Introduction to Spark 2.0 - Part 3 : Porting Code from RDD API to Dataset API
Spark 2.0 is the next major release of Apache Spark. This release brings major changes to abstractions, API’s and libraries of the platform. This release sets the tone for next year’s direction of the framework. So understanding these few features is critical to understand for the ones who want to make use all the advances in this new release. So in this series of blog posts, I will be discussing about different improvements landing in Spark 2.0.
This is the third blog in series, where I will be discussing about how to port your RDD based code to Dataset API. You can access all the posts in the series here.

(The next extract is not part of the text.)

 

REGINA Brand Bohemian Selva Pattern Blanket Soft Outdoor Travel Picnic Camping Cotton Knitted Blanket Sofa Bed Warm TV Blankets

TL;DR All code examples are available on github.
RDD to Dataset
Dataset API combines best of RDD and DataFrame API’s in one API. Many API’s in Dataset mimic the RDD API though they differ a lot in the implementation. So most of RDD code can be easily ported to Dataset API. In this post, I will be sharing few code snippets to show how a given code in RDD API can be written in Dataset API.
##1. Loading Text Data
RDD
val rdd = sparkContext.textFile("src/main/resources/data.txt")
Dataset
val ds = sparkSession.read.text("src/main/resources/data.txt")
2. Calculating count
###RDD
rdd.count()
Dataset
ds.count()
3. WordCount Example
RDD
val wordsRDD = rdd.flatMap(value => value.split("\\s+"))
val wordsPair = wordsRDD.map(word => (word,1))

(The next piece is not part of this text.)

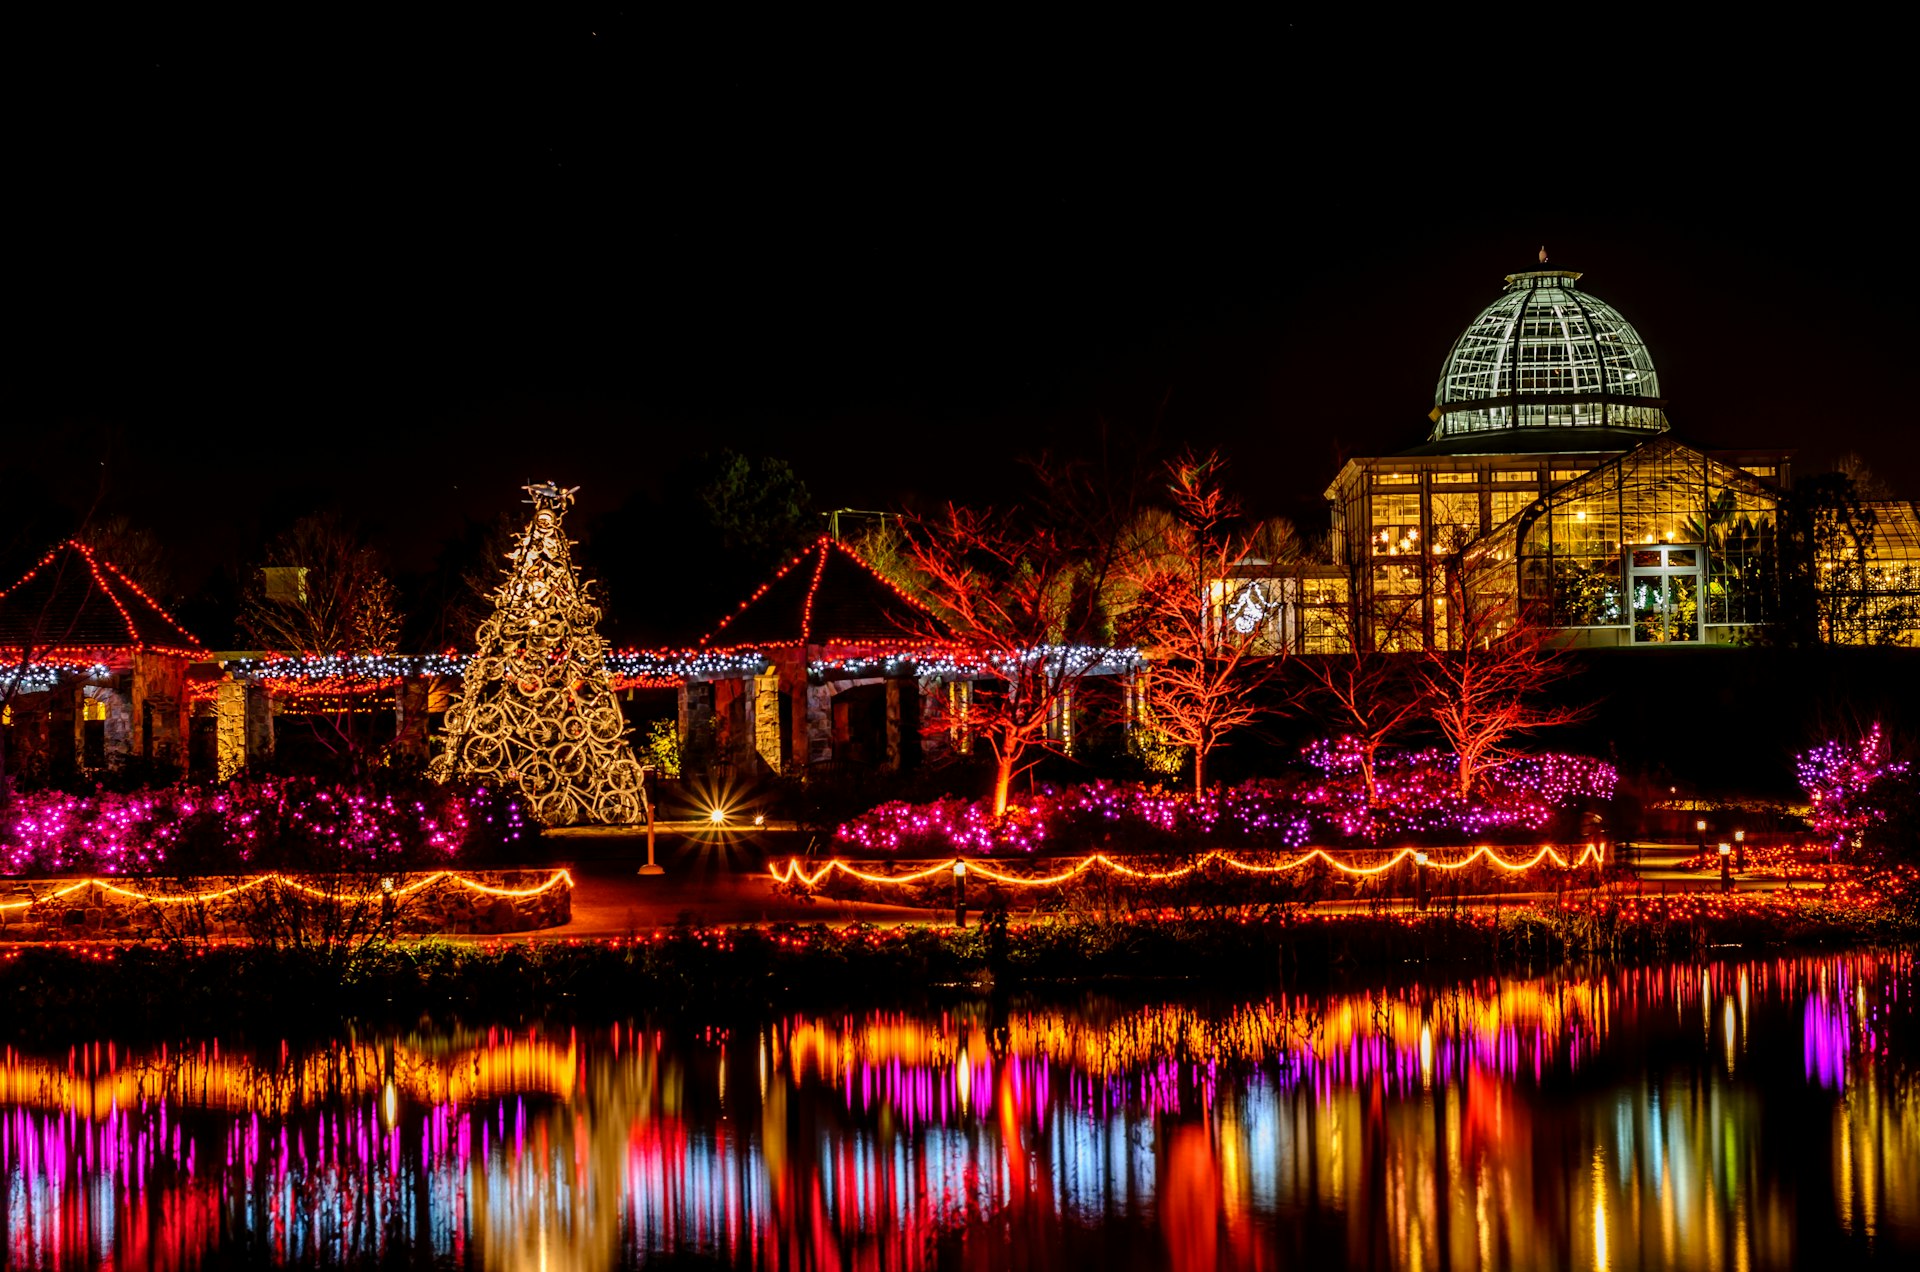 GardenFest of Lights at Lewis Ginter Botanical Gardens in Richmond, Virginia

val wordCount = wordsPair.reduceByKey(_+_)
Dataset
import sparkSession.implicits._
val wordsDs = ds.flatMap(value => value.split("\\s+"))

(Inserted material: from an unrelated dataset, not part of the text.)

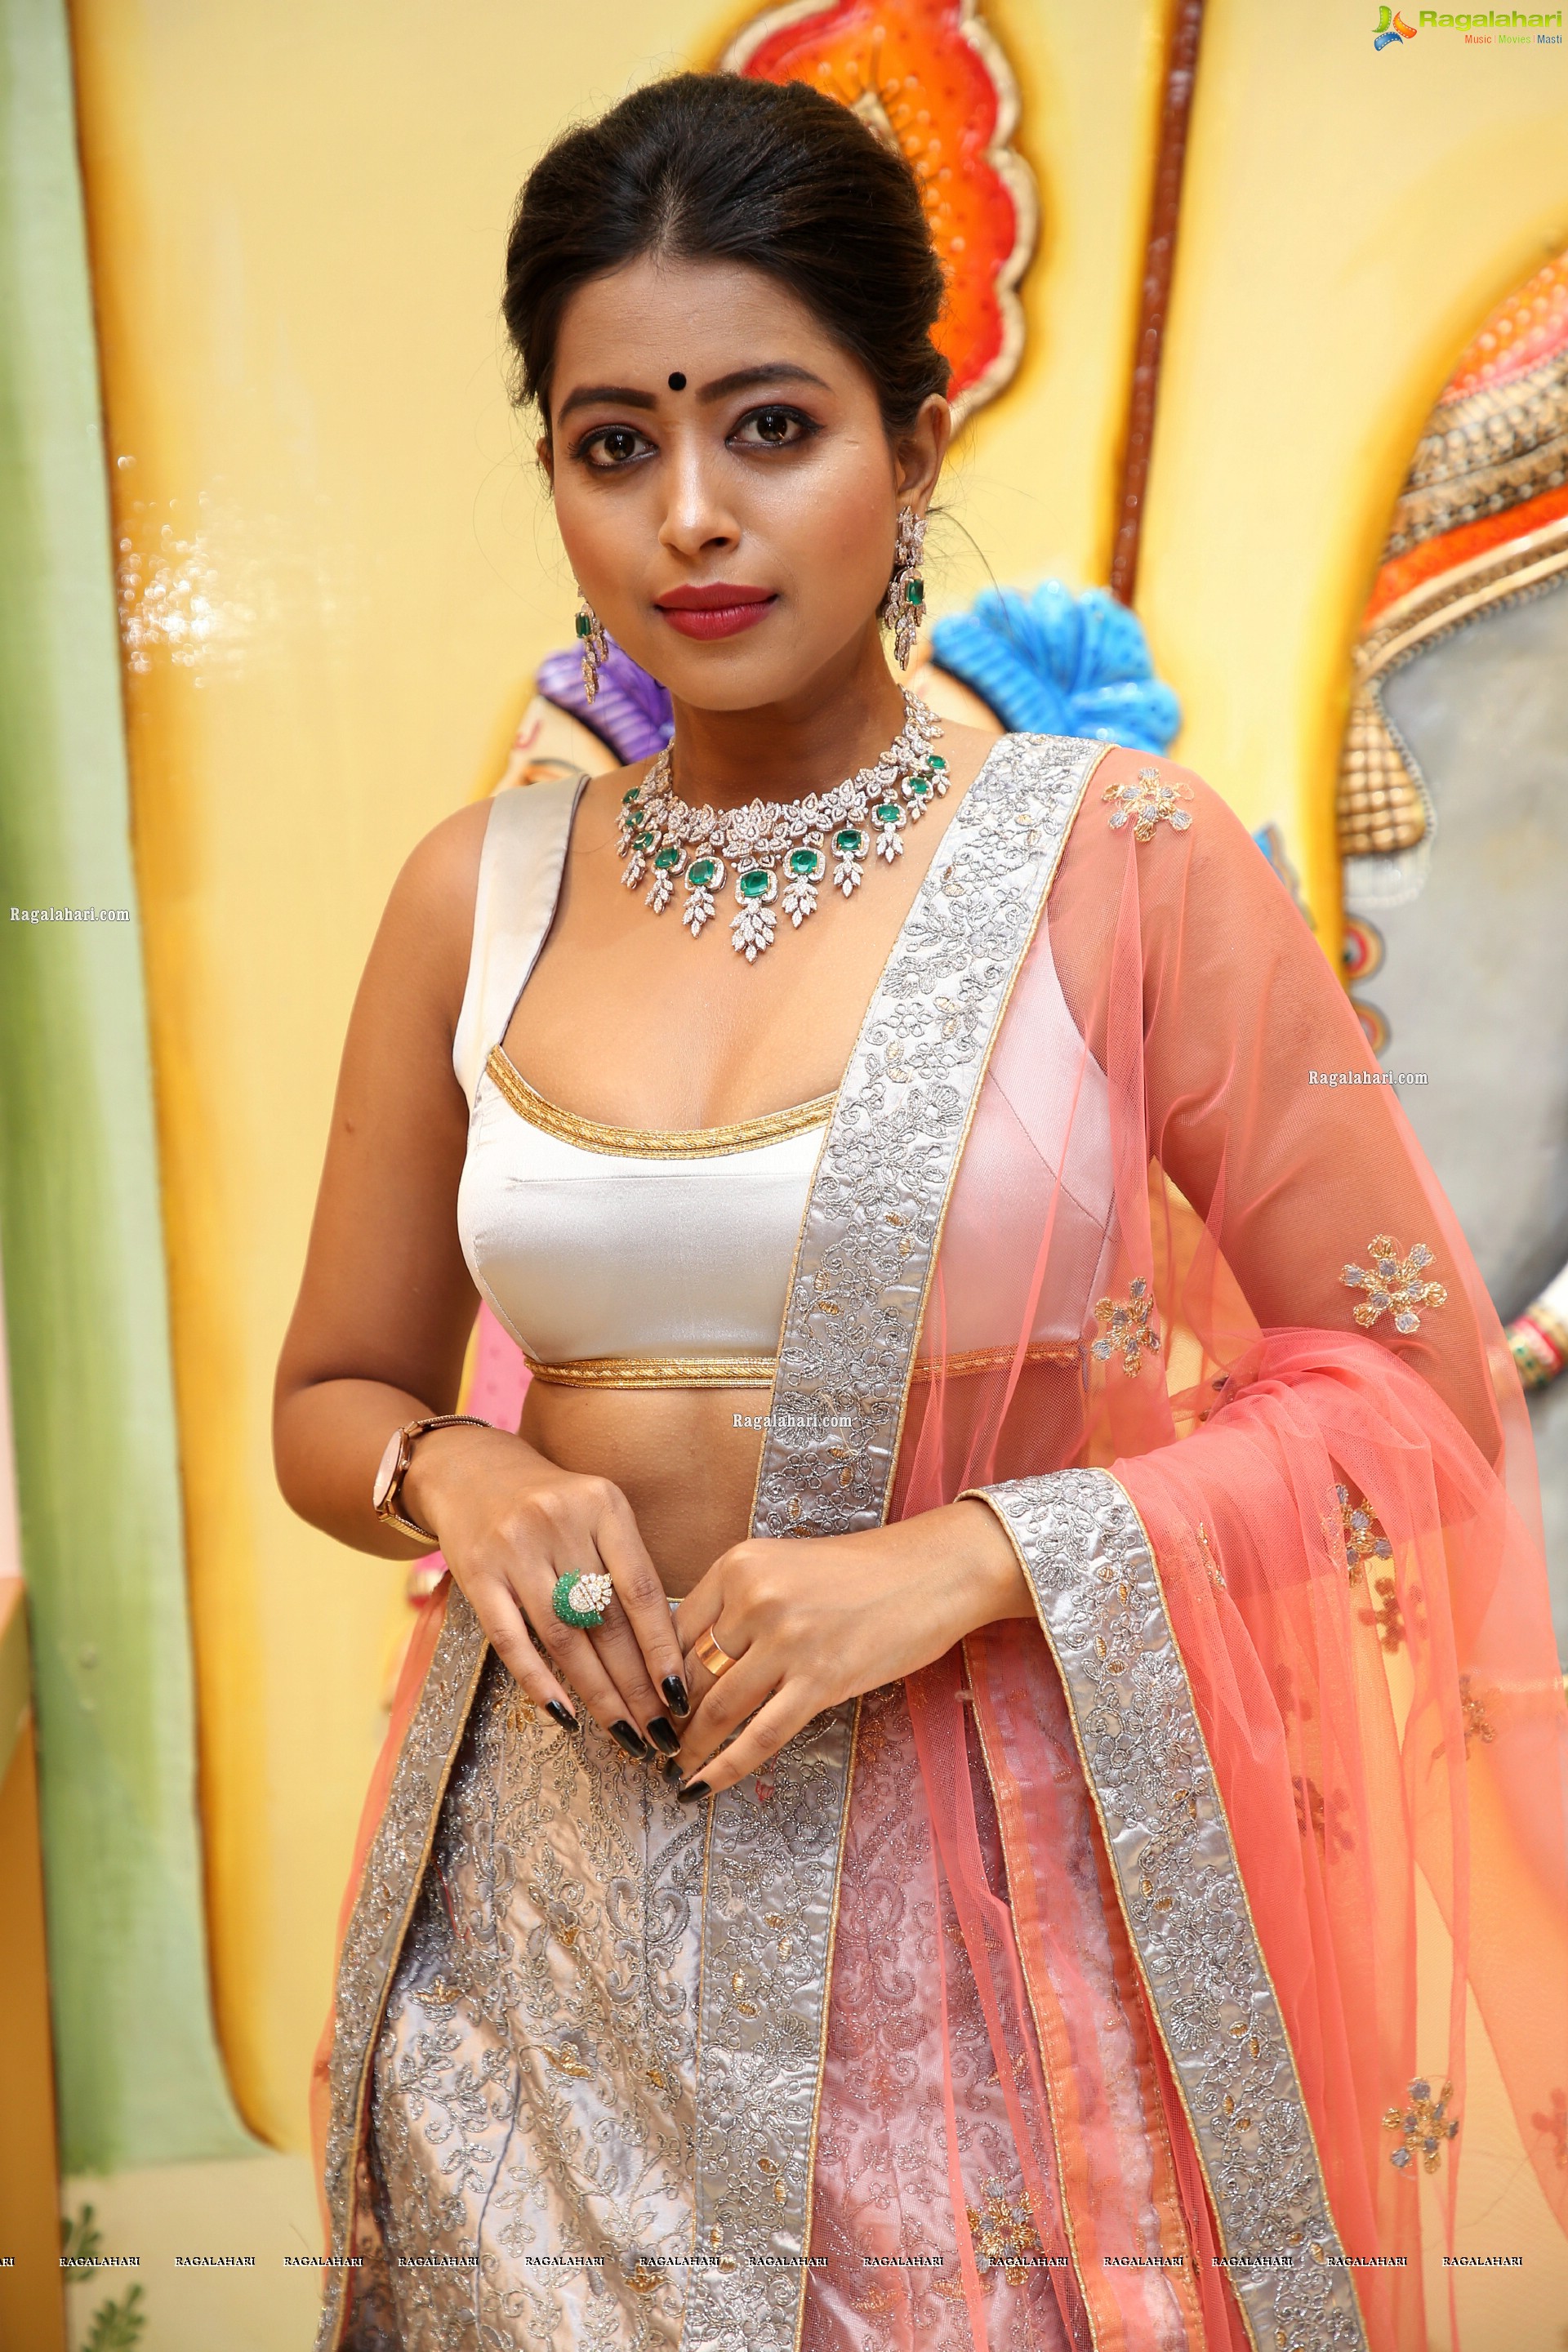 Rittika Chakraborty Poses With Gold Jewellery, HD Photo Gallery

val wordsPairDs = wordsDs.groupByKey(value => value)
val wordCountDs = wordsPairDs.count()
4. Caching
RDD
rdd.cache()
Dataset
ds.cache()
5. Filter
RDD
val filteredRDD = wordsRDD.filter(value => value =="hello")
Dataset
val filteredDS = wordsDs.filter(value => value =="hello")
6. Map Partitions
RDD
val mapPartitionsRDD = rdd.mapPartitions(iterator => List(iterator.count(value => true)).iterator)
Dataset
val mapPartitionsDs = ds.mapPartitions(iterator => List(iterator.count(value => true)).iterator)
7. reduceByKey
RDD
val reduceCountByRDD = wordsPair.reduceByKey(_+_)
Dataset
val reduceCountByDs = wordsPairDs.mapGroups((key,values) =>(key,values.length))
7. Conversions
RDD
val dsToRDD = ds.rdd
Dataset
Converting a RDD to dataframe is little bit work as we need to specify the schema. Here we are showing how to convert RDD[String] to DataFrame[String].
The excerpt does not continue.